Arikara woman by Edward Curtis
As in all human cultures, the enemy of my enemy is my friend. Sioux aggression against the Crow had driven them out of their land. Part of that land is the Little Bighorn Valley, which today is within the Crow Agency in Montana.
TOP SCOUTS
The Arikara (or Ree) were semi-nomadic and migrated to the present area of North Dakota because of pressure from the Sioux.
Mitch Bouyer, though partly of Santee Sioux blood, had married a Crow woman, for years lived with the Crow, and had worked often for the Army. General John Gibbon called him “next to Jim Bridger, the best guide in the country.” Bouyer’s sympathies lay with the Crow.
Custer’s favorite scout was an Arikara named Bloody Knife. Bloody Knife had no problem standing up to Custer when he got irascible and perhaps this is one of the reasons why Custer liked him. After the initial skirmish in the Little Bighorn Valley on June 25th, 1876, a shot to the head by attacking Sioux splattered Bloody Knife’s blood and brains all over Major Marcus Reno while Reno and his troops were in the woods preparing to make their mad retreat to the bluffs on the other side of the Little Bighorn.
Custer with scouts and Bloody Knife
TOMORROW IN HELL
The scouts were generally not expected to fight with the army. Once they’d done their job of getting the troops to the Little Bighorn, their orders were to drive as many Sioux horses away from the village as possible and head back to the camp on the Powder River. Several, however, were wounded in the Valley fight or chose to stay and fight on Reno hill.
Bloody Knife was dead. White scout, “Lonesome Charley” Reynolds, had been killed in the Valley.

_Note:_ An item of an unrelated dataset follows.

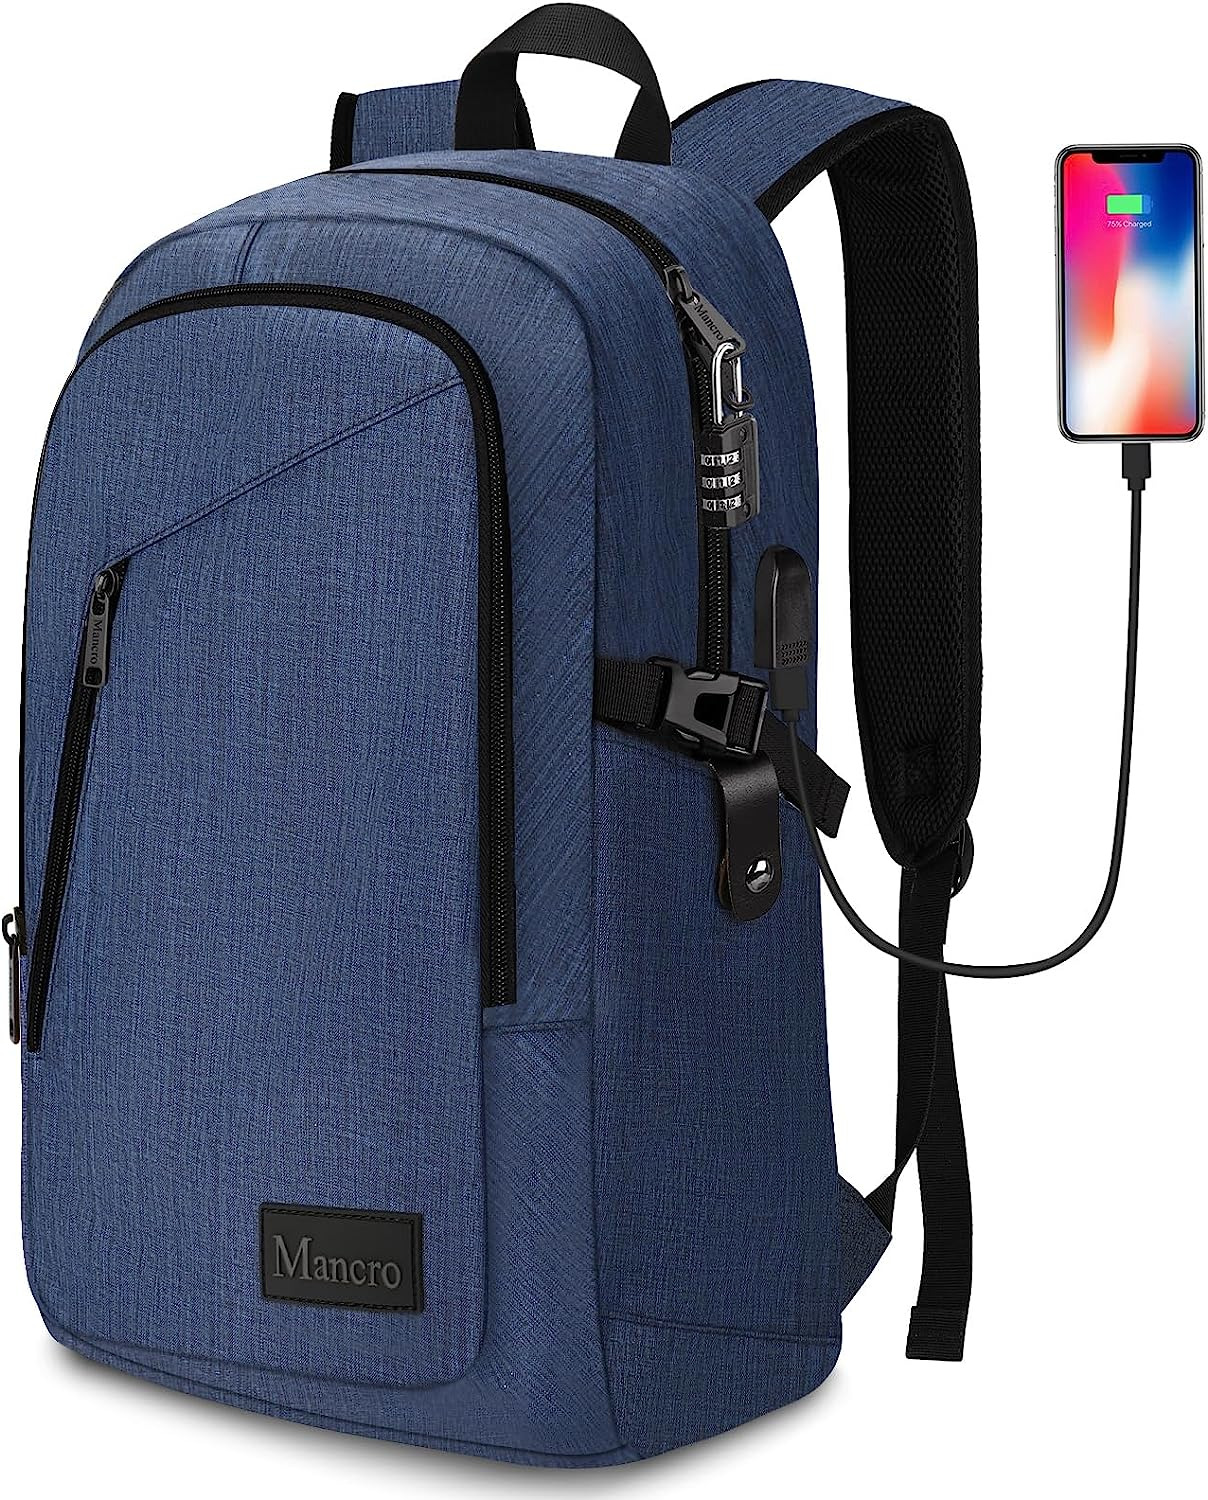 Laptop Backpack 17 Inch Computer Notebook Bag Business Travel School New Pocket

Mitch Bouyer and Curly were with Custer and his five companies, riding toward eternity.
Bouyer had said to Custer early that morning that the forces he was about to attack were too many for the number of soldiers present. Custer dismissively told him he didn’t have to go. Bouyer replied testily, “I’ll go anywhere you go but if we go down there, we will wake up tomorrow in hell.”
Bouyer was killed with Custer and his remains were identified by archaeologists more than one hundred years later. Curly escaped and was the first to report the disaster to a disbelieving company of soldiers waiting at the mouth of the Little Bighorn, some 18 miles away. He appears on the book cover below in a photo taken some years later.
ARIKARA SURVIVORS
By 1912, only nine of the Arikara scouts were still alive. They were interviewed in their own language about the Little Bighorn expedition. The interviews make fascinating reading and are studied by every serious Custer scholar.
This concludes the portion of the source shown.